Столовая для врачей помещалась наверху, под самой крышей, по соседству с просторной биллиардной и другой комнатой, поменьше, со столиками для карт или еще для каких-то игр. Стефан, проходя мимо, заглянул туда.
Покормили недурно: после зраз с кашей и салата из фасоли - хрустящие оладьи. Потом кофе; его подали в кувшинах.
– Война, коллега, a la guerre comme a la guerre [на войне как на войне (фр.)], - сказал Стефану сосед. Справа сидел Сташек; можно было понаблюдать за сотрапезниками. Как всегда, когда видишь новые лица, некоторые из них не различаешь; Стефан в них путался, они ничем не задевали его чувств. Тот, который глубокомысленно изрек афоризм о войне, доктор Дитер или Ригер - представился он невнятно, - был низкорослый, носатый, смуглолицый, со шрамом в глубокой вмятине на лобной кости. Он носил крошечное пенсне в золотой оправе, оно постоянно сползало, и доктор привычным движением водворял его на место. Вскоре это стало раздражать Стефана. Они вполголоса перекидывались замечаниями на нейтральные темы: закончилась ли наконец зима, как с углем, много ли работы, сколько теперь платят. Доктор Ригер (все-таки оказался на "Р") пил мелкими глотками кофе, выбирал оладушки поподжаристее и говорил в нос, не проявляя к беседе особого интереса. Как-то так получилось, что, разговаривая, оба они смотрели на Паенчковского. Этот старикан, смахивающий на недожаренного голубя из-за своей реденькой перистой эспаньолки, сквозь серебряные прядки которой просвечивала розовая кожица подбородка, со слегка трясущимися, морщинистыми ручками, тщедушный и заикающийся, прихлебывал кофе, а когда начинал говорить, порой дергал головой, словно не соглашаясь сам с собой.

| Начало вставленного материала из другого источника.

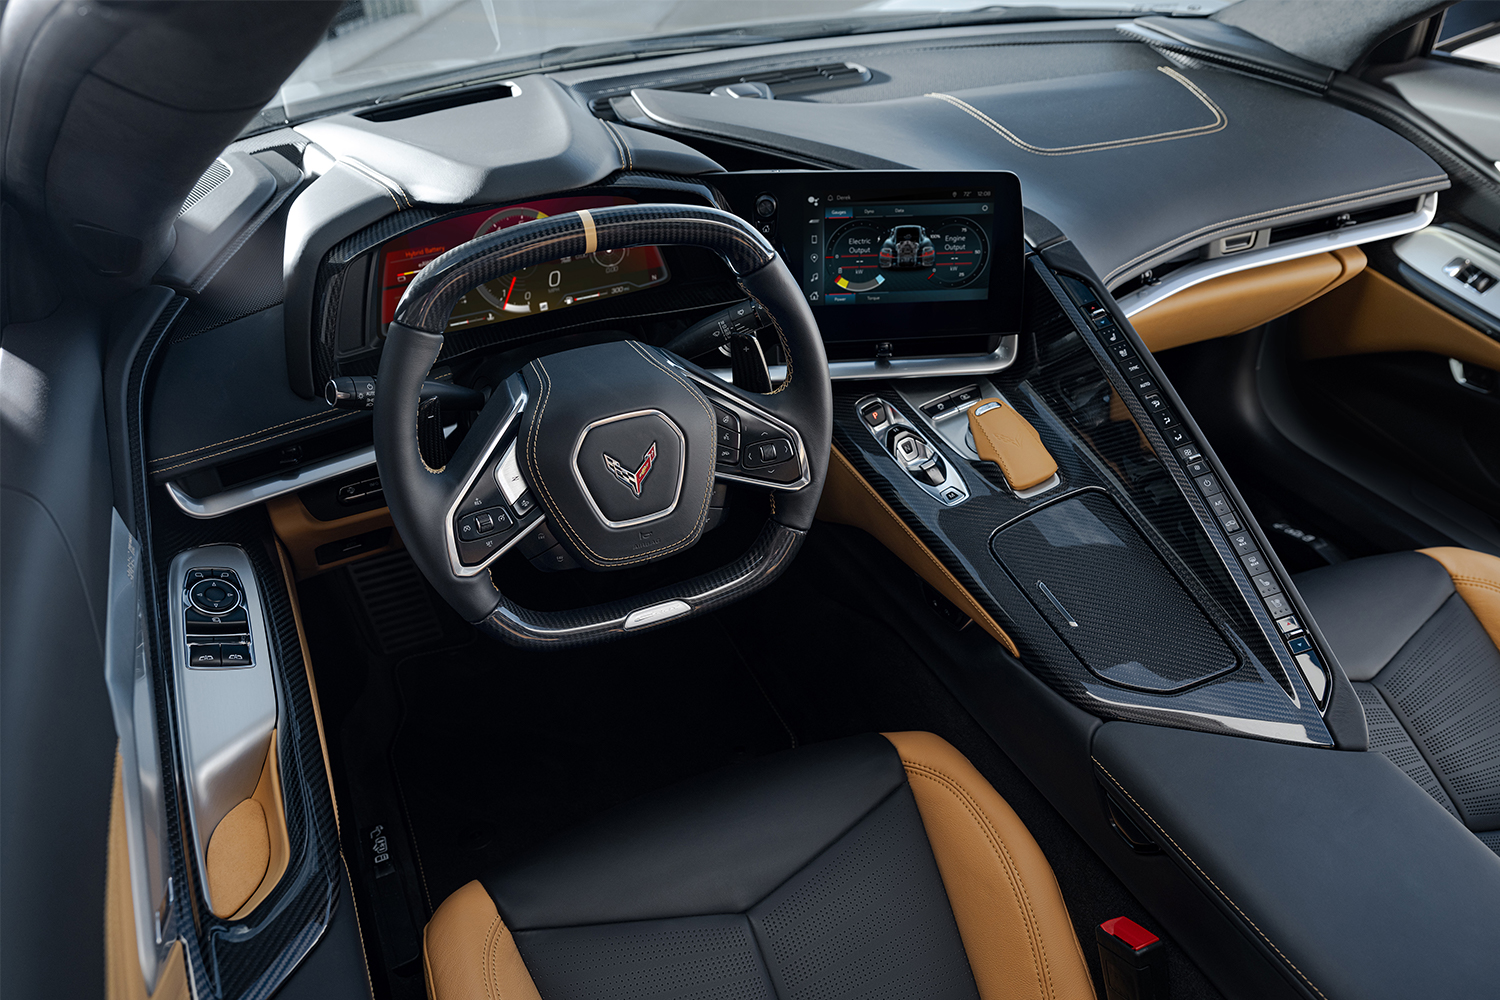 The interior of the new 2024 Chevrolet Corvette E-Ray, the first hybrid and all-wheel-drive Corvette

– Так вы у нас хотели бы поработать, да?..
– спрашивал он Стефана и тут же возражал себе покачиванием головы.
– Да, хотел бы...
– Ну, конечно... конечно... стоит...
– Ведь практика... необходима... пригодилась бы...
– бормотал Стефан. Он ужасно не любил старикашек, официальных представлений и скучных разговоров, а тут получил все разом.
– Ну, так мы вам все капитально... как только сами...
– говорил Пайпак и продолжал возражать сам себе, мотая головой.